What to do => All of the records below are to be printed exactly; the pictures are to be left out.
[Opening Dataset content section]
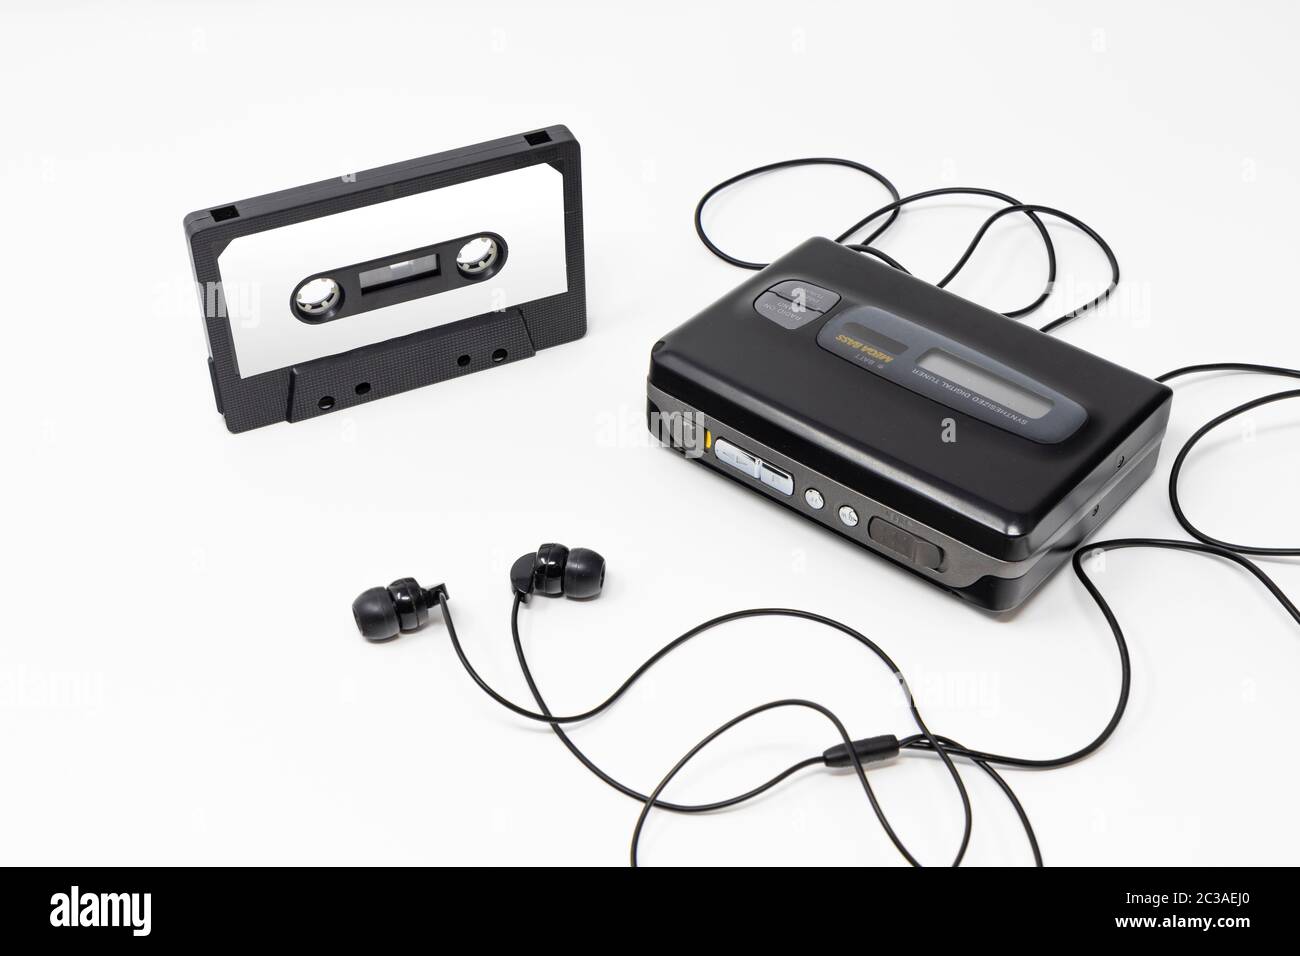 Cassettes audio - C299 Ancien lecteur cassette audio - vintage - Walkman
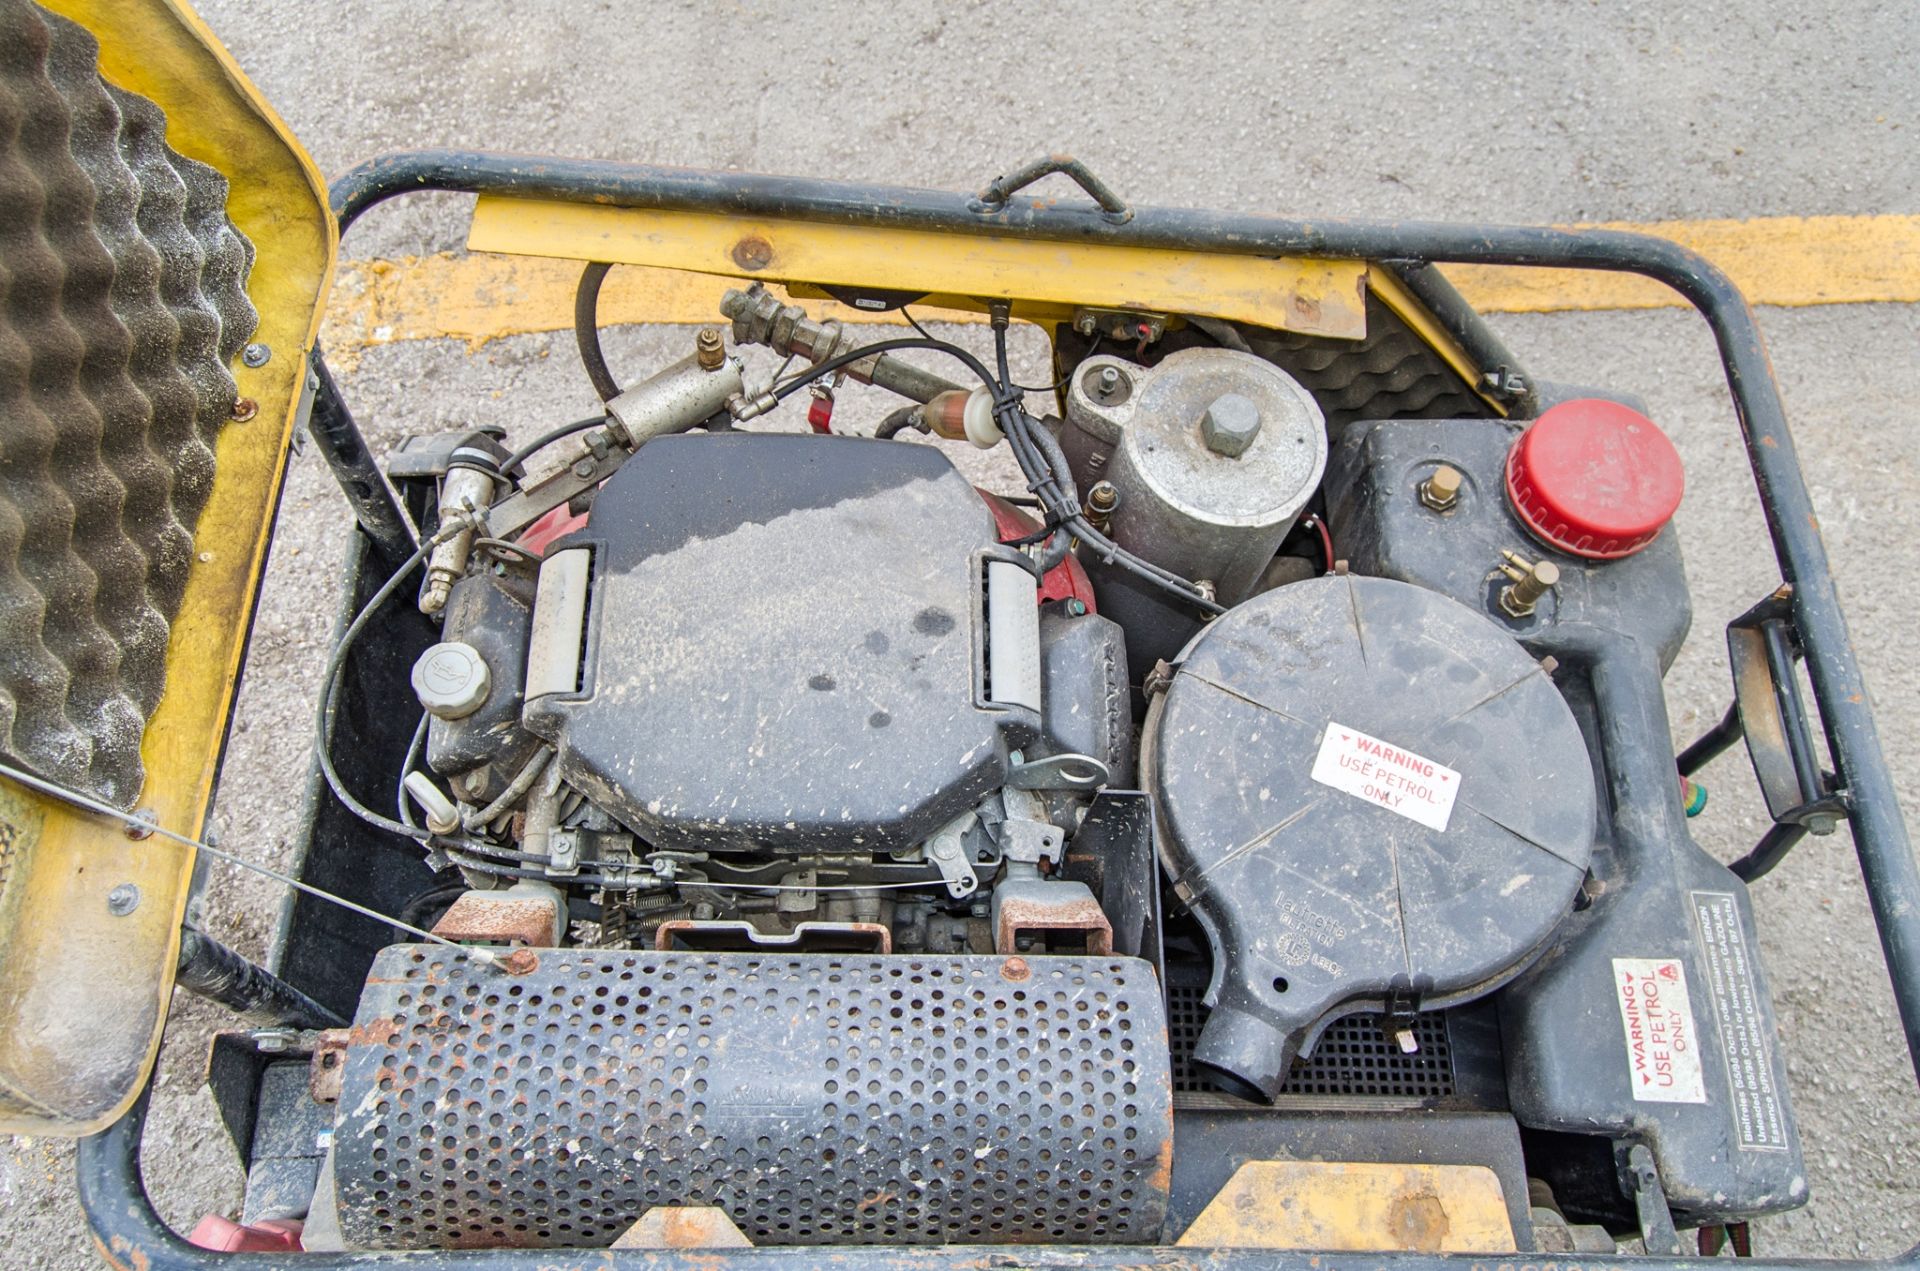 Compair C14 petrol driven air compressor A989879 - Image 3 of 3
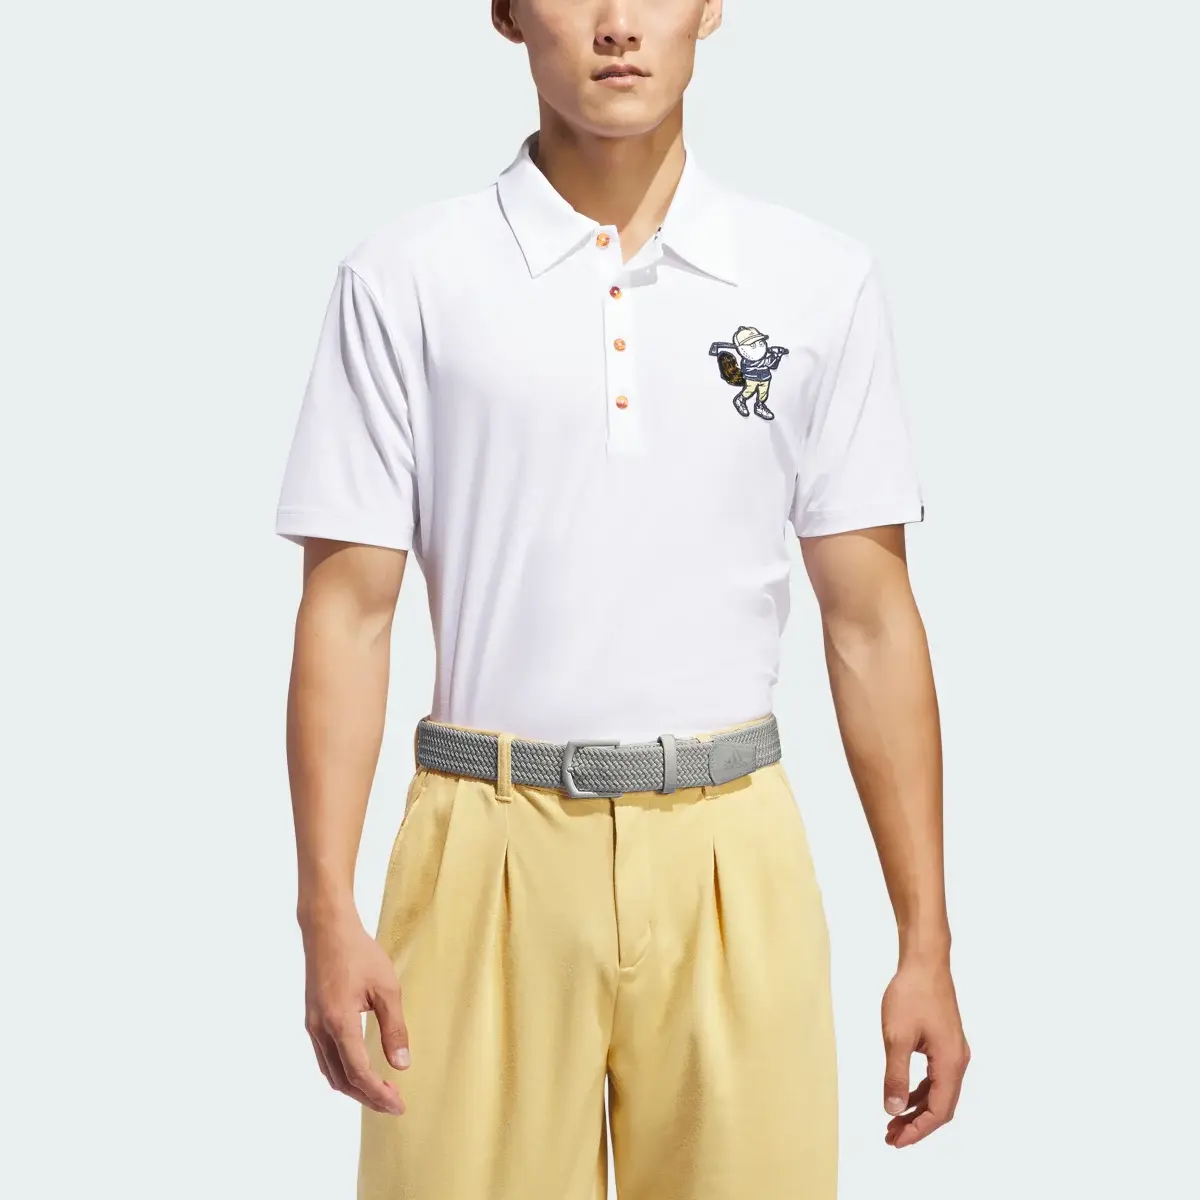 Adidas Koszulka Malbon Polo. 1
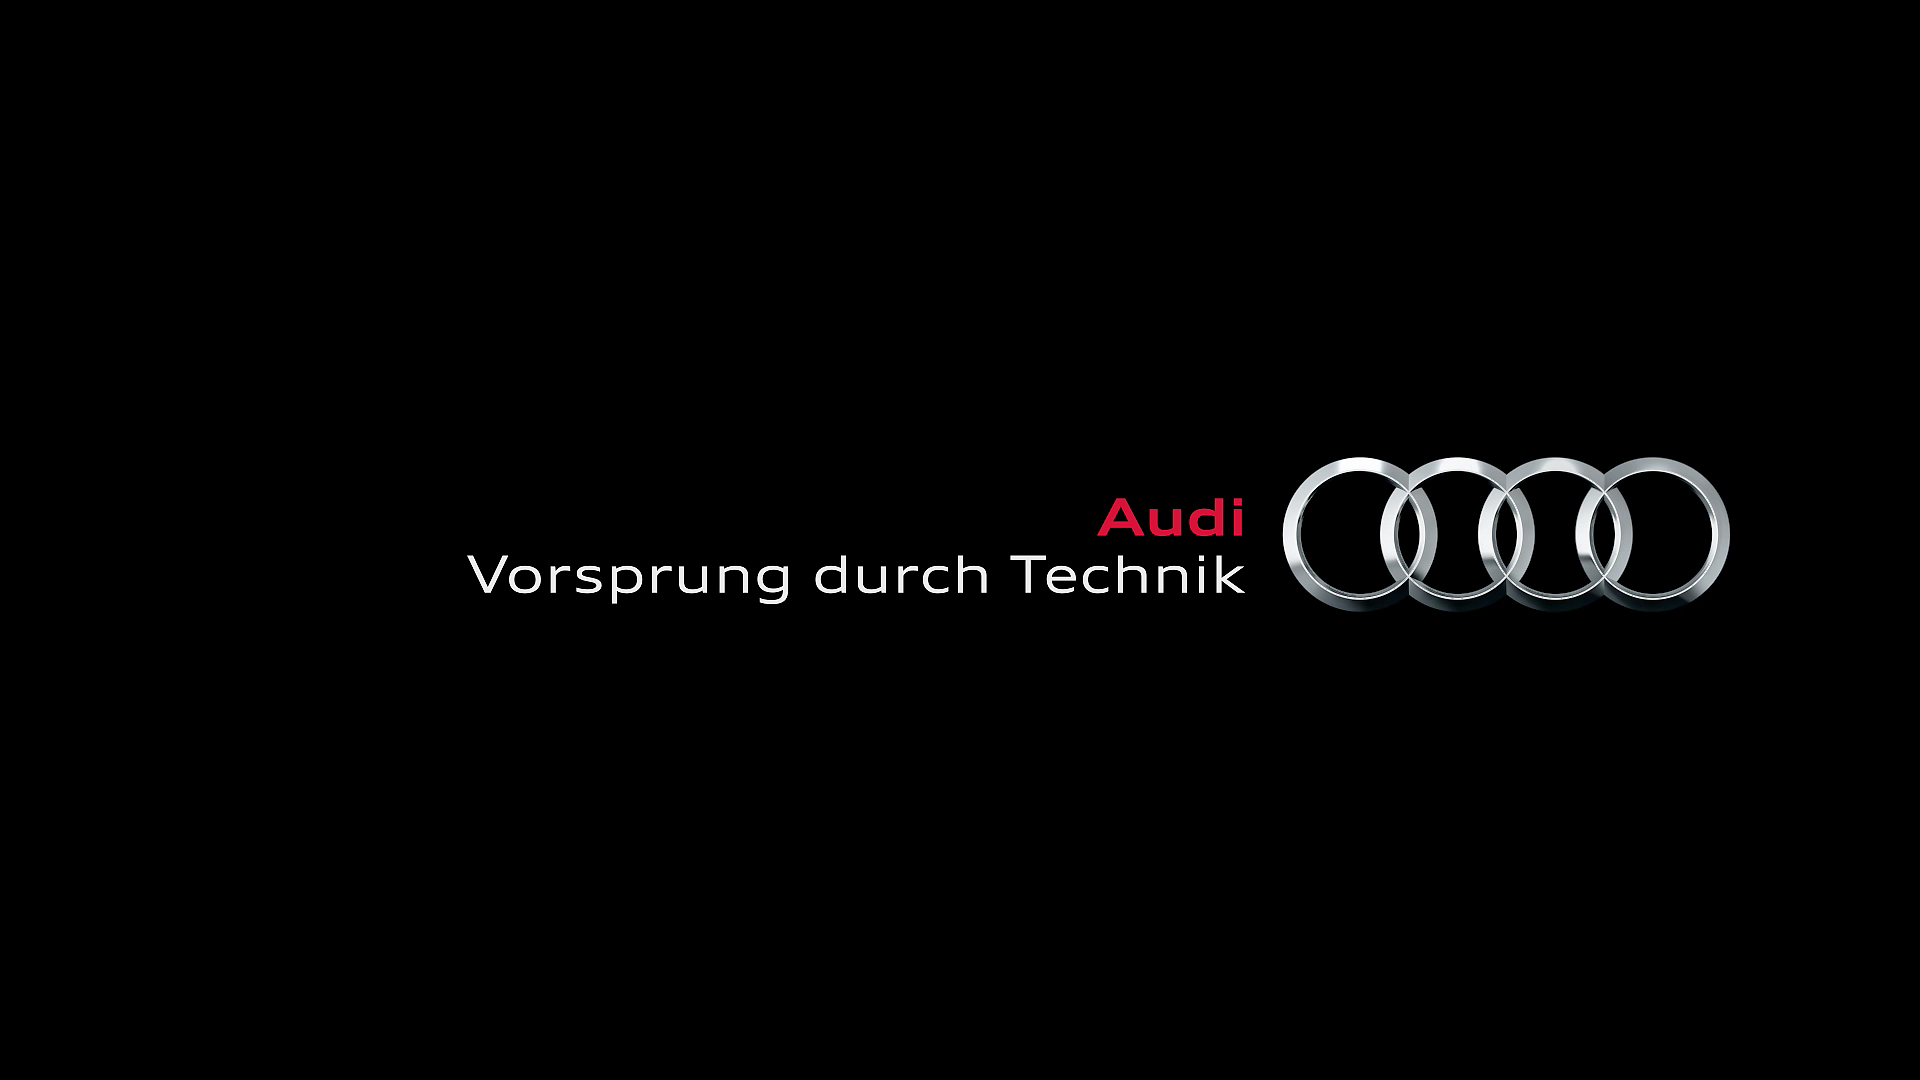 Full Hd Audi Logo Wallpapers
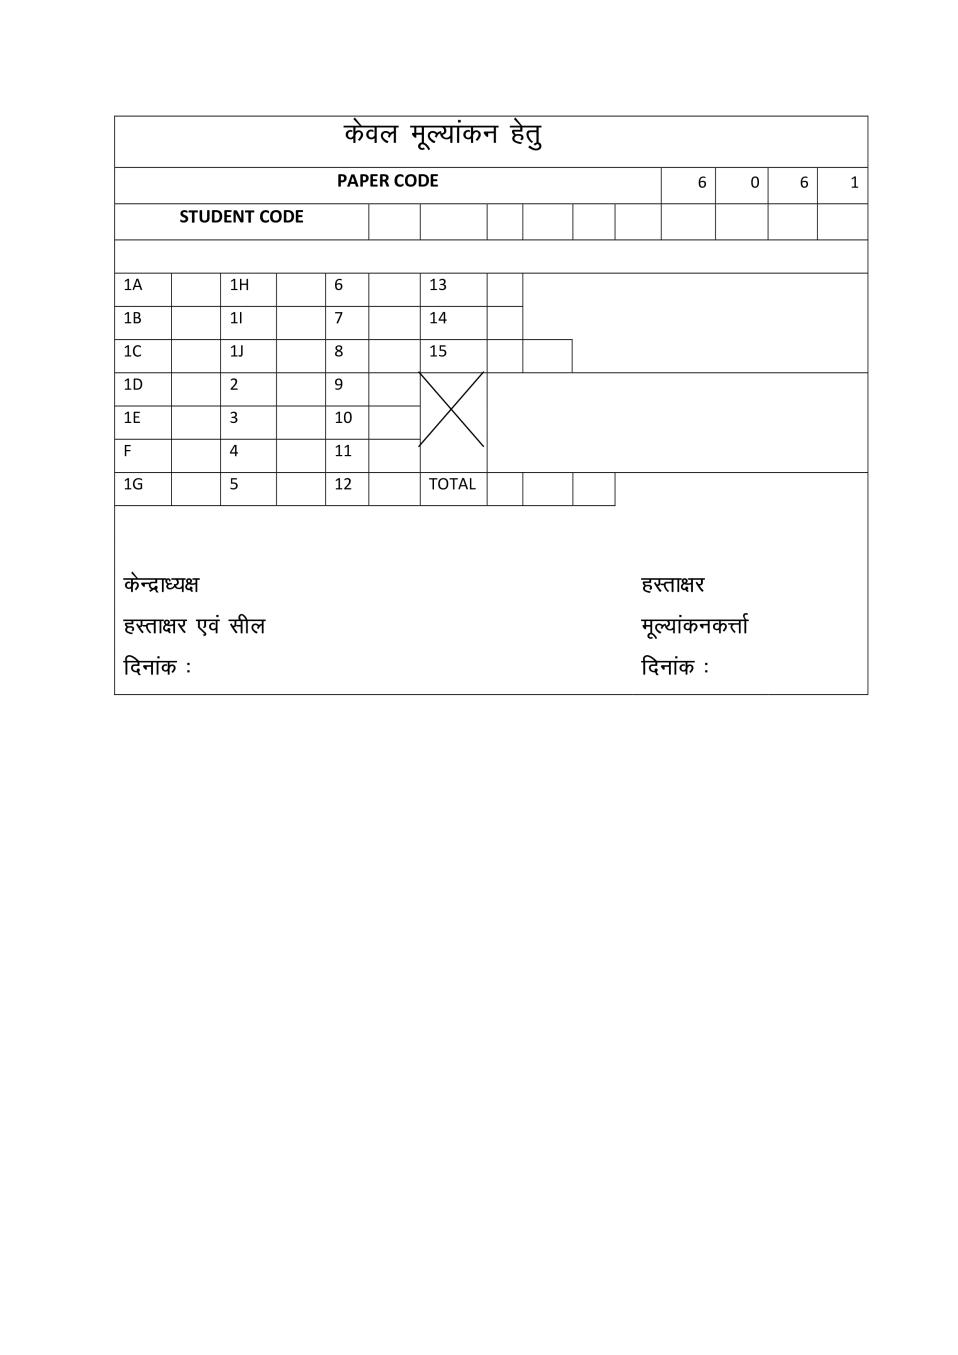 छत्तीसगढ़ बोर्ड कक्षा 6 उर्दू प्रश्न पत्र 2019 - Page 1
[Closing Dataset content section]
Written response =>
 Cassettes audio - C299 Ancien lecteur cassette audio - vintage - Walkman
 Compair C14 petrol driven air compressor A989879 - Image 3 of 3
 Adidas Koszulka Malbon Polo. 1
 Full Hd Audi Logo Wallpapers
 छत्तीसगढ़ बोर्ड कक्षा 6 उर्दू प्रश्न पत्र 2019 - Page 1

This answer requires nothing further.